Jumat, 8 Januari 2010 | 7:59 WIB
Surabaya-Surya- Pergerakan harga gula pasir di dalam negeri semakin tak terkendali. Prediksi harga akan kembali di kisaran Rp 8.000-9.000 / kg di tingkat eceran pasca pergantian tahun, rupanya meleset. Harga jual gula di tingkat konsumen akhir (end user) saat ini bahkan sudah menyentuh Rp 11.000 / kg hingga Rp 13.000/kg di Jatim.
Kepala Dinas Perindustrian dan Perdagangan (Disperindag) Jatim Zaenal Abidin mengatakan tingginya harga gula di tingkat eceran tak terelakkan mengingat harga di tingkat lelang saat ini sudah mencapai Rp 8.700/ kg. Harga ini membengkak ketika jatuh ke tangan distributor besar karena ditambah biaya angkut dan bongkar muat serta susut bunga bank yang kisarannya Rp 1.200/kg.
“Jadi, dari distributor utama rata-rata sudah mahal, yaitu Rp 9.900/kg. Kemudian ke tangan distributor II dan III ditambah lagi ongkos bongkar muat dan susut bunga maka jadinya Rp 10.700 / kg. Masuk ke pengecer, harga menjadi antara Rp 11.000/kg hingga Rp 11.500/kg,” jelas Zainal.

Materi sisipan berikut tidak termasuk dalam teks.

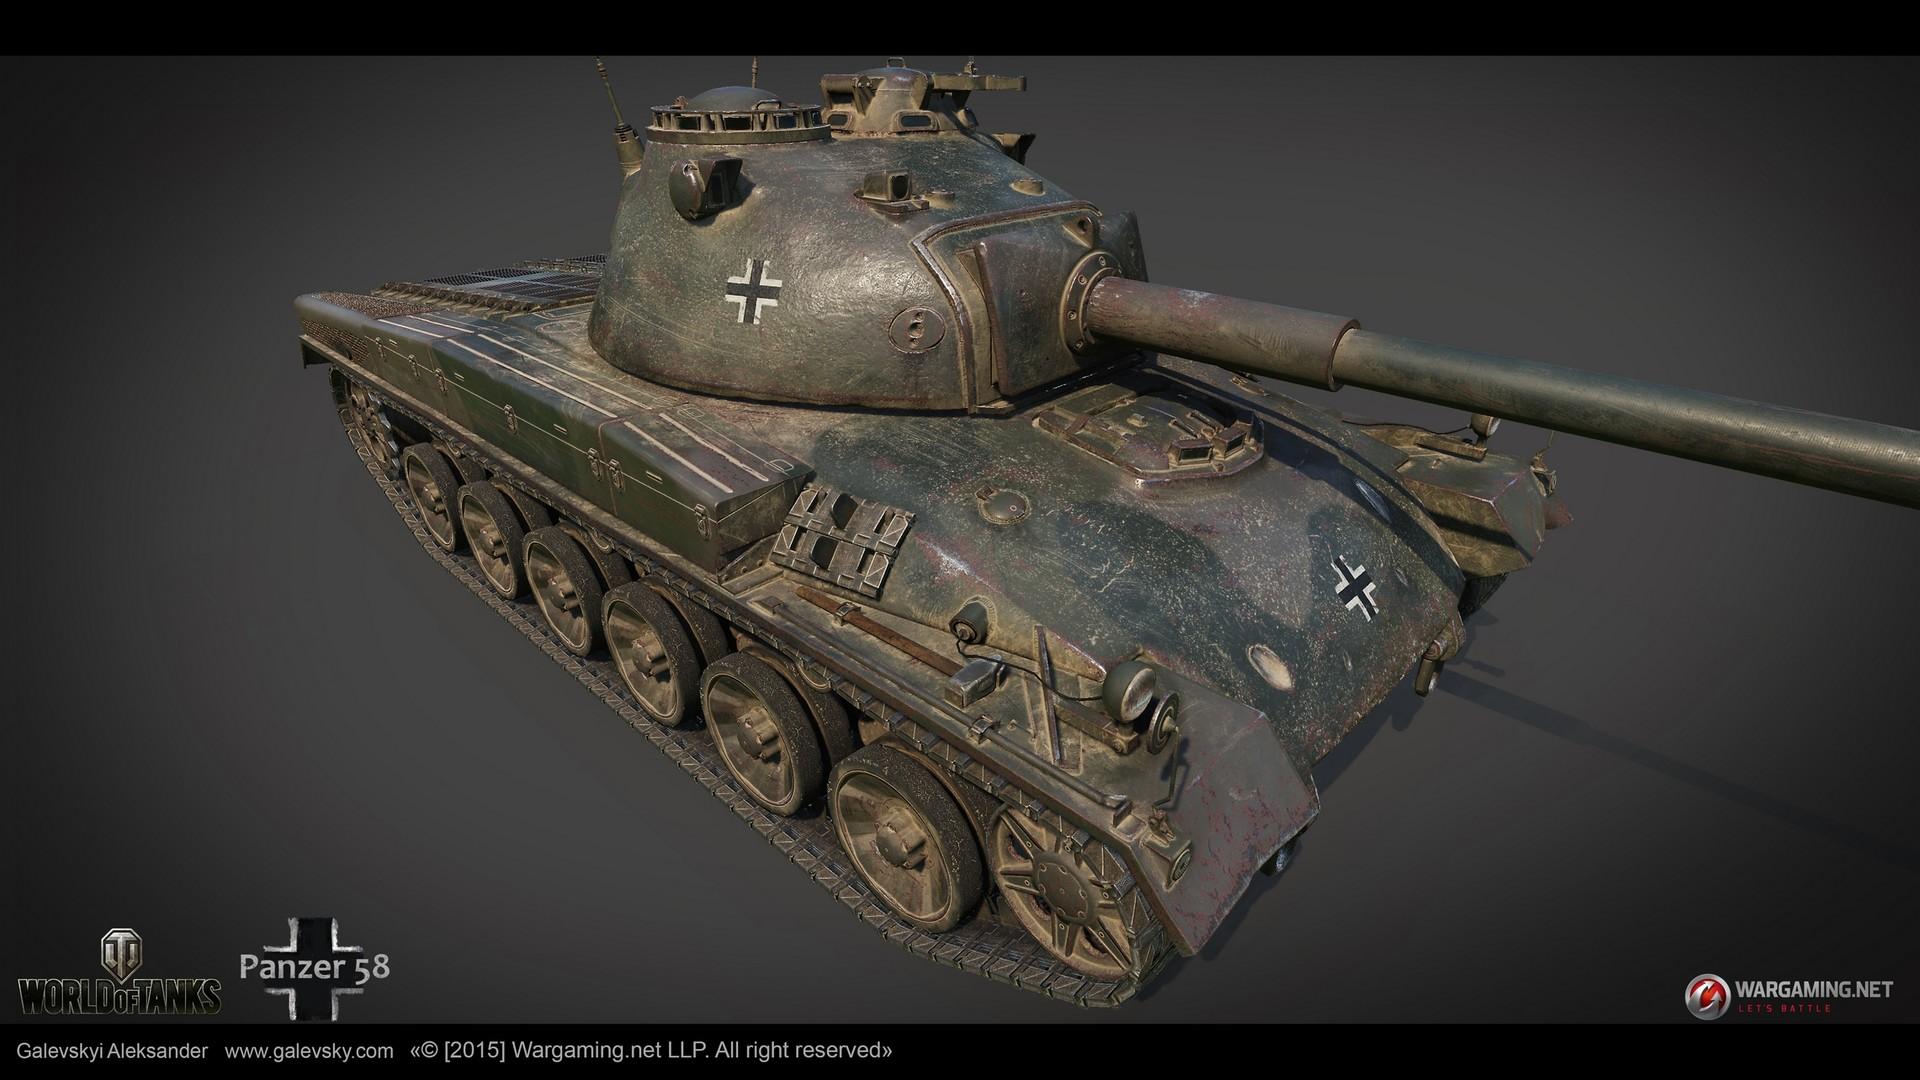 Aleksander galevskyi panzer 58 05 med

Namun, harga ini pun terbilang masih tinggi. Bandingkan dengan harga menjelang Lebaran lalu, yang di tingkat eceran sebesar Rp 9.000/kg. Padahal, semestinya, dengan permintaan gula yang tinggi selama Lebaran, semestinya setelah Lebaran usai, harga turun. Kenyataannya, harga gula sekarang justru tambah menggila.
Dengan persediaan gula yang kian menipis di Jatim saat ini, stok itu diperkirakan tidak akan mencukupi kebutuhan masyarakat hingga musim giling 2010.
Kemarin, Zaenal mengemukakan, sampai saat ini persediaan gula di Jatim tinggal 144 ribu ton.
“Jika diasumsikan tingkat konsumsi masyarakat mencapai 50 ribu ton per bulan, maka persediaan ini hanya mencukupi kebutuhan sampai tiga bulan ke depan,” kata Zaenal saat ditemui di gedung DPRD Jatim di Jl Indrapura, Surabaya.
Padahal, musim giling gula baru akan dimulai pada Mei 2010. Karena itu, dia berharap impor gula kristal putih sudah bisa dilakukan paling lambat Maret 2010 untuk mengatasi krisis gula di Jatim.
Sebelumnya Direktur Pengembangan PTPN X, Suyitno, menyebutkan, gula yang masih tersimpan di sejumlah gudang pabrik gula sebanyak 195 ribu ton. Namun, kini tinggal 144 ribu ton.
Sementara itu, anggota Komisi B DPRD Jatim, Sumrambah, menduga bahwa harga gula di Jatim dipermainkan oleh sembilan pedagang besar. Pemerintah diminta tegas pada mereka.
Kata Sumrambah, sembilan pedagang besar itu memiliki beberapa perusahaan distribusi gula. Mereka memiliki stok gula dan diperkirakan bisa mengendalikan harga.
Tetapi, Sumrambah tak menyebut siapa sembilan orang itu. Ia hanya mengatakan sembilan pedagang yang disebut `sembilan samurai` itu diduga meraup untung besar. Dengan harga sekarang, dan produksi total gula Jatim sekitar 1 juta ton, maka pedagang meraup Rp 4 triliun.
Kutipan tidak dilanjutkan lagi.